- Date: 7–13 April
- Edition: 14th (ATP) / 7th (WTA)
- Surface: Clay / outdoor
- Location: Oeiras, Portugal

Champions

Men's singles
- Nikolay Davydenko

Women's singles
- Magüi Serna

Men's doubles
- Mahesh Bhupathi / Max Mirnyi

Women's doubles
- Petra Mandula / Patricia Wartusch
- ← 2002 · Estoril Open · 2004 →

= 2003 Estoril Open =

The 2003 Estoril Open was a tennis tournament played on outdoor clay courts at the Estoril Court Central in Oeiras in Portugal that was part of the International Series of the 2003 ATP Tour and of Tier IV of the 2003 WTA Tour.
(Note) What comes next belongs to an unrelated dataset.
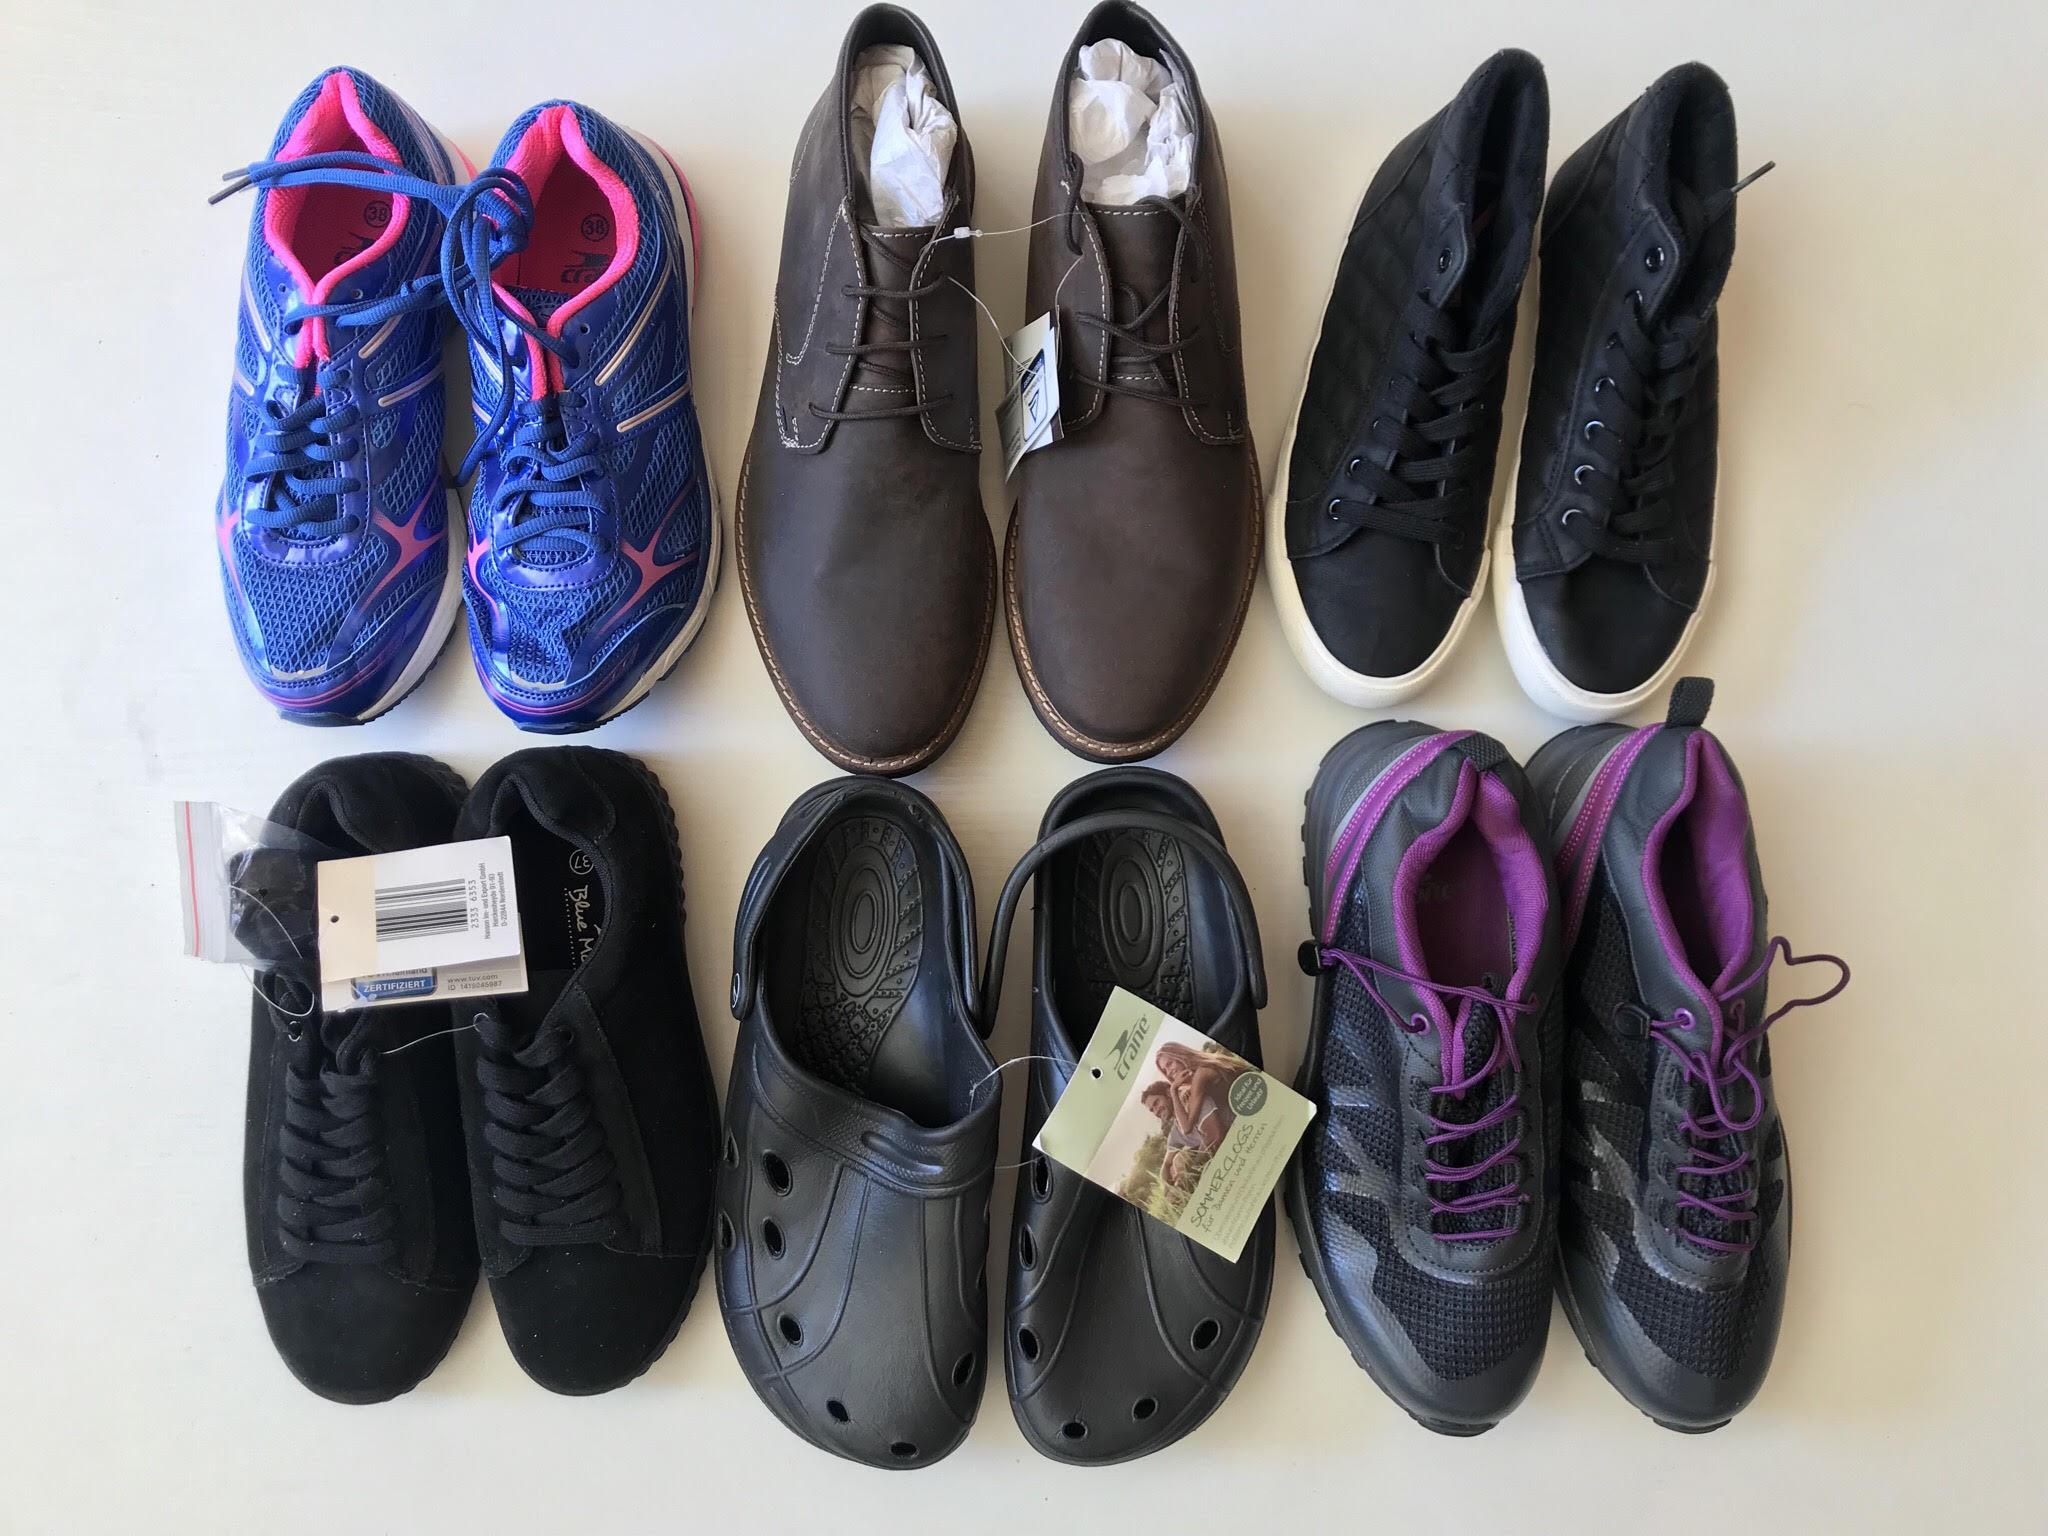 Взуття секонд-хенд CRANE весна-літо купити оптом - Товари - Одяг ... 6666d2b06905c

The tournament ran from 7 April until 13 April 2003. Nikolay Davydenko and Magüi Serna won the singles title.

==Finals==

===Men's singles===

RUS Nikolay Davydenko defeated ARG Agustín Calleri 6–4, 6–3
- It was Davydenko's 2nd title of the year and the 2nd of his career.

===Women's singles===

ESP Magüi Serna defeated GER Julia Schruff 6–4, 6–1
- It was Serna's 1st title of the year and the 3rd of her career.

===Men's doubles===

IND Mahesh Bhupathi / BLR Max Mirnyi defeated ARG Lucas Arnold / ARG Mariano Hood 6–1, 6–2
- It was Bhupathi's 1st title of the year and the 27th of his career. It was Mirnyi's 3rd title of the year and the 16th of his career.

===Women's doubles===

HUN Petra Mandula / AUT Patricia Wartusch defeated EST Maret Ani / SUI Emmanuelle Gagliardi 6–7^{(3–7)}, 7–6^{(7–3)}, 6–2
- It was Mandula's 1st title of the year and the 4th of her career. It was Wartusch's 1st title of the year and the 7th of her career.